Representations of the parties

[16] The police explain that the records were created in relation to an investigation into mortgage fraud. The police submit that during the course of this investigation, the police spoke to and recorded information from the parties involved, such as their first and last name, date of birth, address, and telephone number. The police argue that the records contain their personal information and these affected parties can easily be identified should their information be released.

[17] The appellant submits that the records contain some personal information, such as the first and last names of some of the affected parties that she is seeking information about. She submits, however, that the information of some of these affected parties is about them in a professional capacity, and therefore, is not personal information. The appellant submits that some of these affected parties are all involved in the mortgage fraud against her family.

Analysis and findings

[18] Based on my review of the records and the representations of the parties, I find that the records contain the personal information of the appellant and the affected parties. Specifically, I find that the records contain personal information about them, such as their name, address, sex, age, telephone numbers, employment information, driver’s licence, their views or opinions, views or opinions about them, and their name along with other information, which fits within paragraphs (a)-(e), (g), and (h) of the definition of “personal information” in section 2(1)  of the Act .

[19] The appellant argues that some of the affected parties’ information is about them in a professional capacity, and therefore, does not qualify as personal information. As a general rule, information associated with an individual in a professional, official or business capacity will not be considered to be “about” the individual.[9] However, even if information relates to an individual in a professional, official or business capacity, it may still qualify as personal information if the information reveals something of a personal nature about the individual.[10]

[20] In the circumstances of this appeal, some of the information of some of the affected parties is about them in a professional capacity. However, based on my review of the records, I find that disclosure of the withheld information would reveal something of a personal nature about them, because their information appears in police records related to mortgage fraud and one of the affected parties was charged and convicted. Accordingly, I find the records contain the personal information of the affected parties.

[21] From my review of the records, the police have disclosed all of the appellant’s personal information to her that could reasonably be severed. In the paper records, the police have only withheld the personal information of the affected parties. I considered whether the appellant’s personal information could be severed from the video statements. However, based on my review of the videos, I find that the appellant’s personal information is inextricably intertwined with that of the affected parties’ and cannot be reasonably severed.

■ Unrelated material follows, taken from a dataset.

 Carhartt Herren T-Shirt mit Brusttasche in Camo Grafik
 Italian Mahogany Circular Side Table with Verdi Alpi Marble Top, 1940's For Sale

[22] Having found that the records contain the personal information of both the appellant and the affected parties, I will now determine whether the withheld personal information is exempt from disclosure under section 38 (b) of the Act .

Issue B. Does the discretionary personal privacy exemption at section 38(b) apply to the information at issue and did the police properly exercise their discretion to withhold it?

[23] Section 36(1)  of the Act  gives individuals a general right of access to their own personal information held by an institution. Section 38 provides some exemptions from this right.

[24] Under the section 38(b) exemption, if a record contains the personal information of both the requester and another individual, the institution may refuse to disclose the other individual’s personal information to the requester if disclosing that information would be an “unjustified invasion” of the other individual’s personal privacy.

[25] The section 38(b) exemption is discretionary. This means that the institution can decide to disclose another individual’s personal information to a requester even if doing so would result in an unjustified invasion of the other individual’s personal privacy.

[26] If disclosing another individual’s personal information would not be an unjustified invasion of personal privacy, then the information is not exempt under section 38(b).

[27] Sections 14(1) to (4) provide guidance in deciding whether disclosure would be an unjustified invasion of the other individual’s personal privacy.

[28] If any of the section 14(1)(a) to (e) exceptions apply, disclosure would not be an unjustified invasion of personal privacy and the information is not exempt from disclosure under section 38(b). In this appeal, none of the section 14(1) exceptions apply to the circumstances before me and I will not discuss them further in this order.

[29] Sections 14(2), (3) and (4) also help in deciding whether disclosure would or would not be an unjustified invasion of personal privacy under section 38(b). Section 14(4) lists situations where disclosure would not be an unjustified invasion of personal privacy, in which case it is not necessary to decide if any of the factors or presumptions in sections 14(2) or (3) apply. The parties do not rely on section 14(4), and I find that it does not apply in the present appeal.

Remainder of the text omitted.